SAME: Stabilized Mixture-of-Experts for Multimodal Continual Instruction Tuning
Zhen-Hao Xie, Jun-Tao Tang, Yu-Cheng Shi, Han-Jia Ye, De-Chuan Zhan, Da-Wei Zhou
TL;DR
This work tackles continual multimodal instruction tuning (MCIT) with mixture-of-experts by identifying two forgetting mechanisms: router drift and expert drift. It introduces StAbilized Mixture-of-Experts (SAME), combining spectral-aware routing to confine updates to task-relevant subspaces, curvature-aware scaling to precondition updates against historical input geometry, and adaptive expert activation to freeze underutilized or historically important experts during a task. These components jointly stabilize expert routing, preserve prior task functionality, and reduce cross-task interference without rehearsal. Empirical results on the CoIN benchmark show SAME achieving state-of-the-art final performance with notable improvements in long-horizon stability and training efficiency, validating its effectiveness in practical MCIT deployments. The approach offers a principled, scalable framework for preserving knowledge across sequential vision-language tasks while maintaining adaptability to new instructions.
Abstract
Multimodal Large Language Models (MLLMs) achieve strong performance through instruction tuning, but real-world deployment requires them to continually expand their capabilities, making Multimodal Continual Instruction Tuning (MCIT) essential. Recent methods leverage sparse expert routing to promote task specialization, but we find that the expert routing process suffers from drift as the data distribution evolves.

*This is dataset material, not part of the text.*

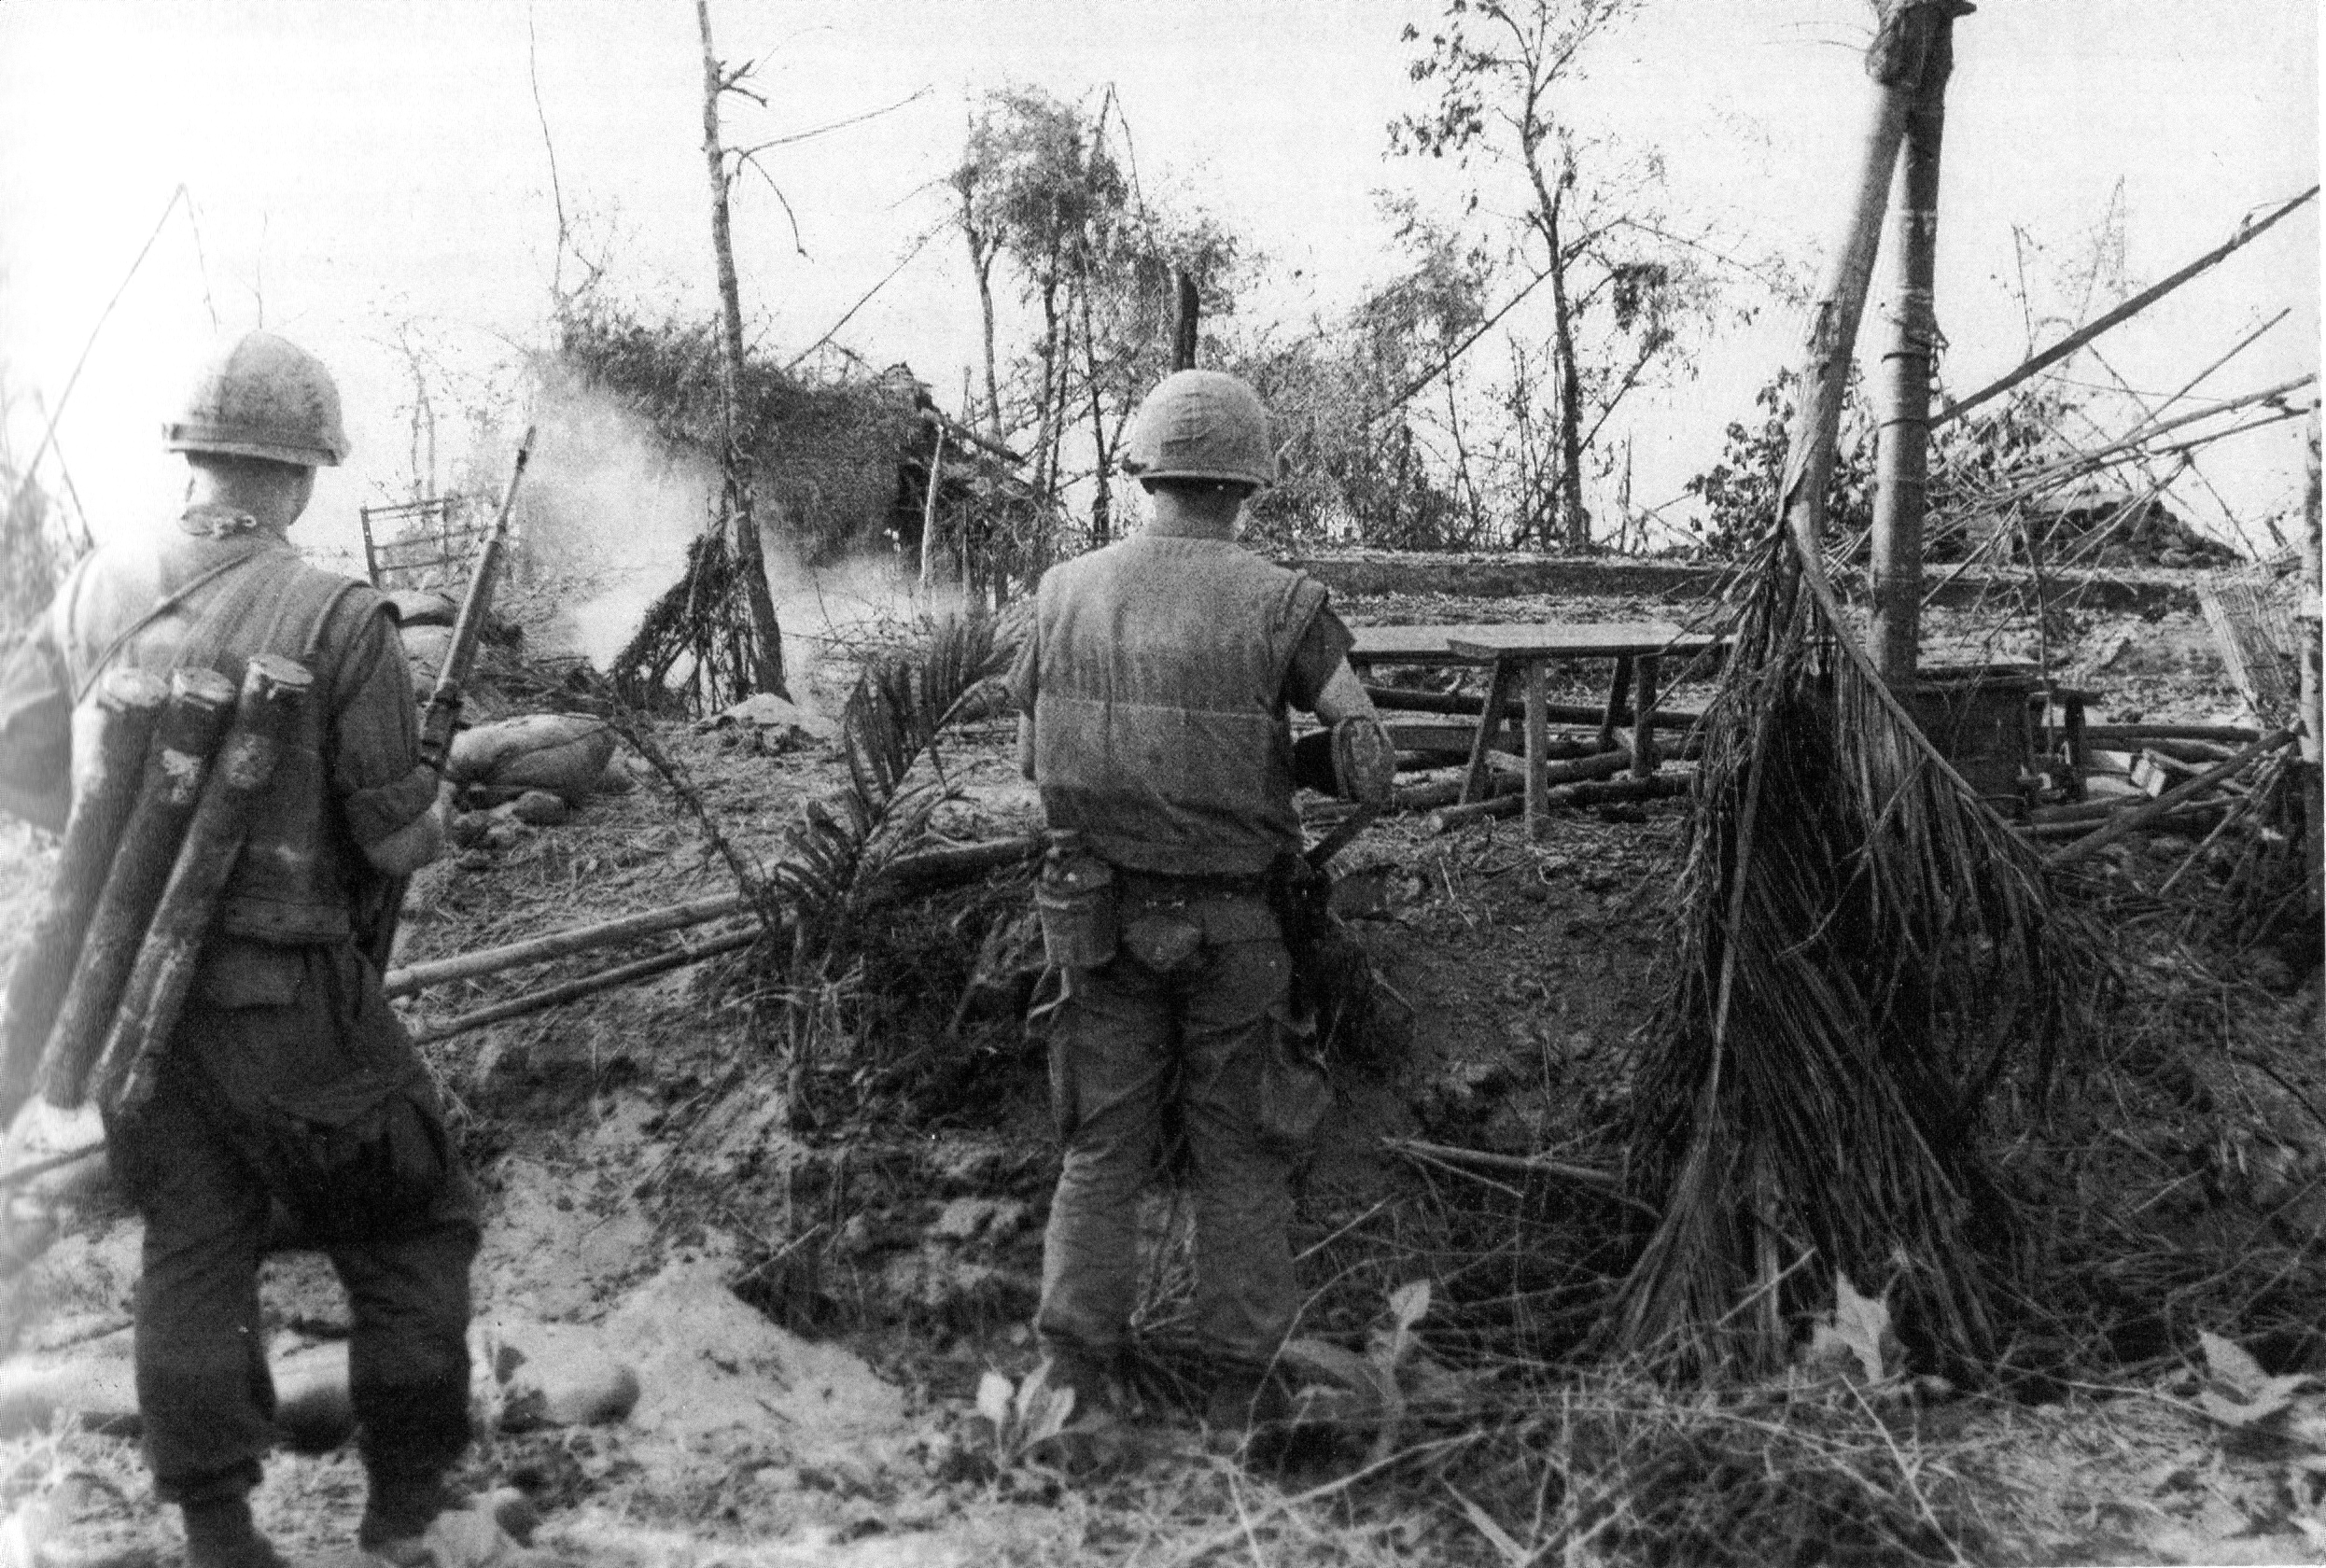 How was the Vietnam War a failure?

For example, a grounding query that previously activated localization experts may instead be routed to irrelevant experts after learning OCR tasks. Meanwhile, the grounding-related experts can be overwritten by new tasks and lose their original functionality. Such failure reflects two problems: router drift, where expert selection becomes inconsistent over time, and expert drift, where shared experts are overwritten across tasks. Therefore, we propose StAbilized Mixture-of-Experts (SAME) for MCIT. To address router drift, SAME stabilizes expert selection by decomposing routing dynamics into orthogonal subspaces and updating only task-relevant directions. To mitigate expert drift, we regulate expert updates via curvature-aware scaling using historical input covariance in a rehearsal-free manner. SAME also introduces adaptive expert activation to freeze selected experts during training, reducing redundant computation and cross-task interference. Extensive experiments demonstrate its SOTA performance.